Hermann Bellinghausen

La Patrona, Veracruz, septiembre de 2017

Cada migrante que pernocta en el albergue de Las Patronas en este poblado carga una historia, un drama terrible y único, sin embargo parecido a tantos más. “El barrio donde yo vivía cerca de San Pedro Sula era tranquilo hasta que llegó el ‘impuesto de guerra’ de la Mara y no pudimos hacer nada, la policía está con ellos y no nos protege, al contrario”, narra Silvestre, hondureño como tantos.

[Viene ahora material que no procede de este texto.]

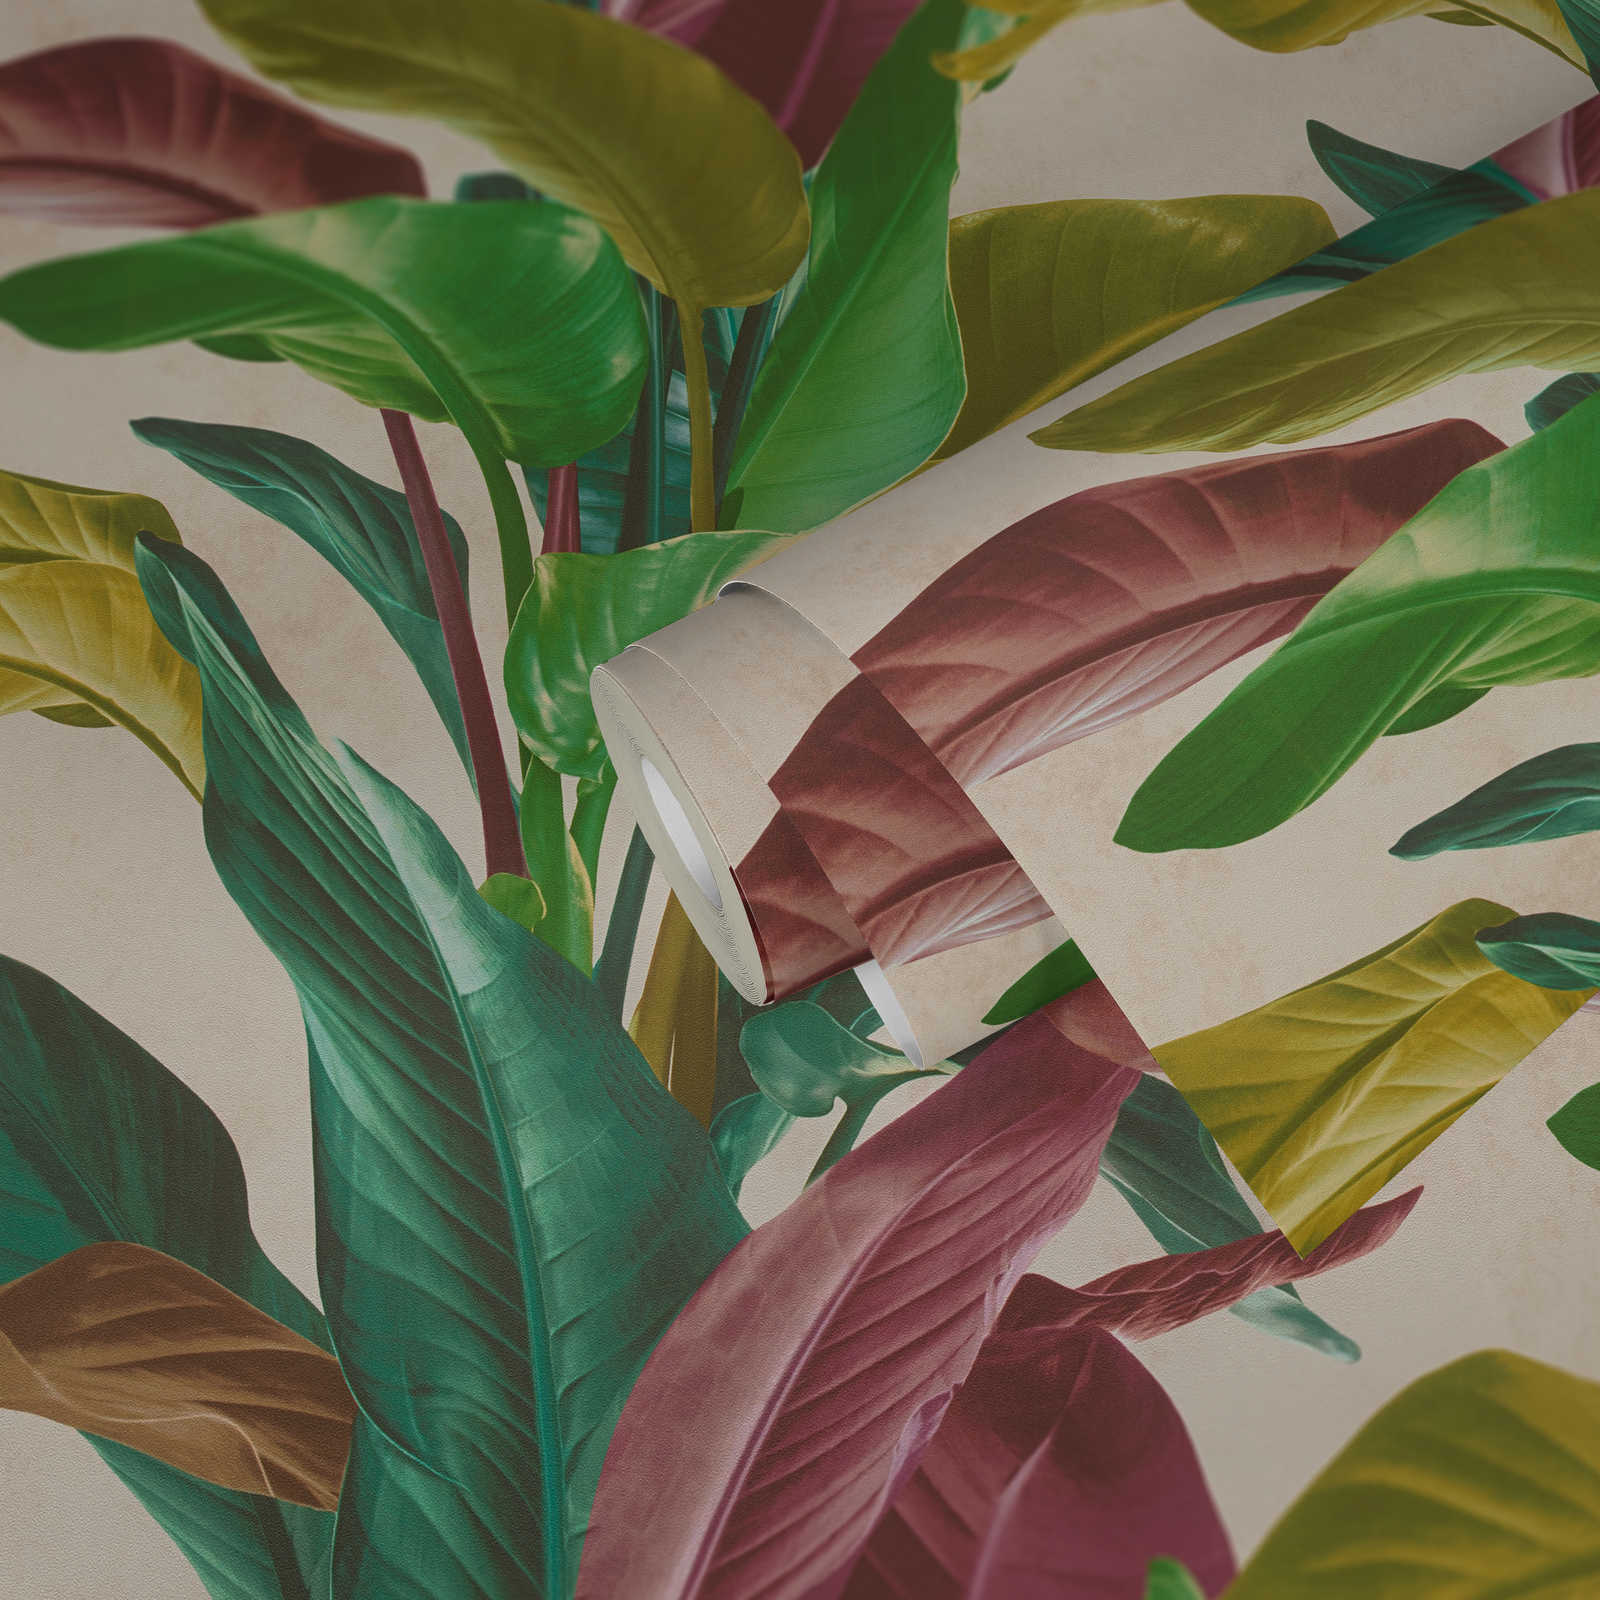             Tapete mit Blätter-Design in leuchtenden Farben – Bunt, Creme, Grün

Solos, o separados de sus compañeros originales de viaje, los muchachos procedentes de Honduras acaban por formar grupos con los paisanos que comparten con ellos los lugares de aire y miedo en los techos y góndolas del ferrocarril que llaman La Bestia.

Los hay que es su segundo o tercer viaje, ya tienen historias y vida en la frontera norte o Estados Unidos. Los hay primerizos, jóvenes, azorados de los peligros y horrores que los aguardan aquí. Clemente viene de “Tegus” (Tegucigalpa), aunque es originario de un pequeño pueblo de Honduras. Cruzó nuestra frontera por el lado de Tapachula, Chiapas, con su joven esposa embarazada. “Cogimos un coyote que nos dejó botados. Se miraba tan confiable. Cobró siete mil dólares por los dos. Acudimos a la Comar pero nos la pusieron muy difícil. Buscamos trabajo, había muy poco”. Siguieron hacia Arriaga, y antes de llegar, en La Arrocera sufrieron un asalto. Cree que el líder de los asaltantes los venía siguiendo, y fue el único que no se cubrió el rostro. Eran chiapanecos.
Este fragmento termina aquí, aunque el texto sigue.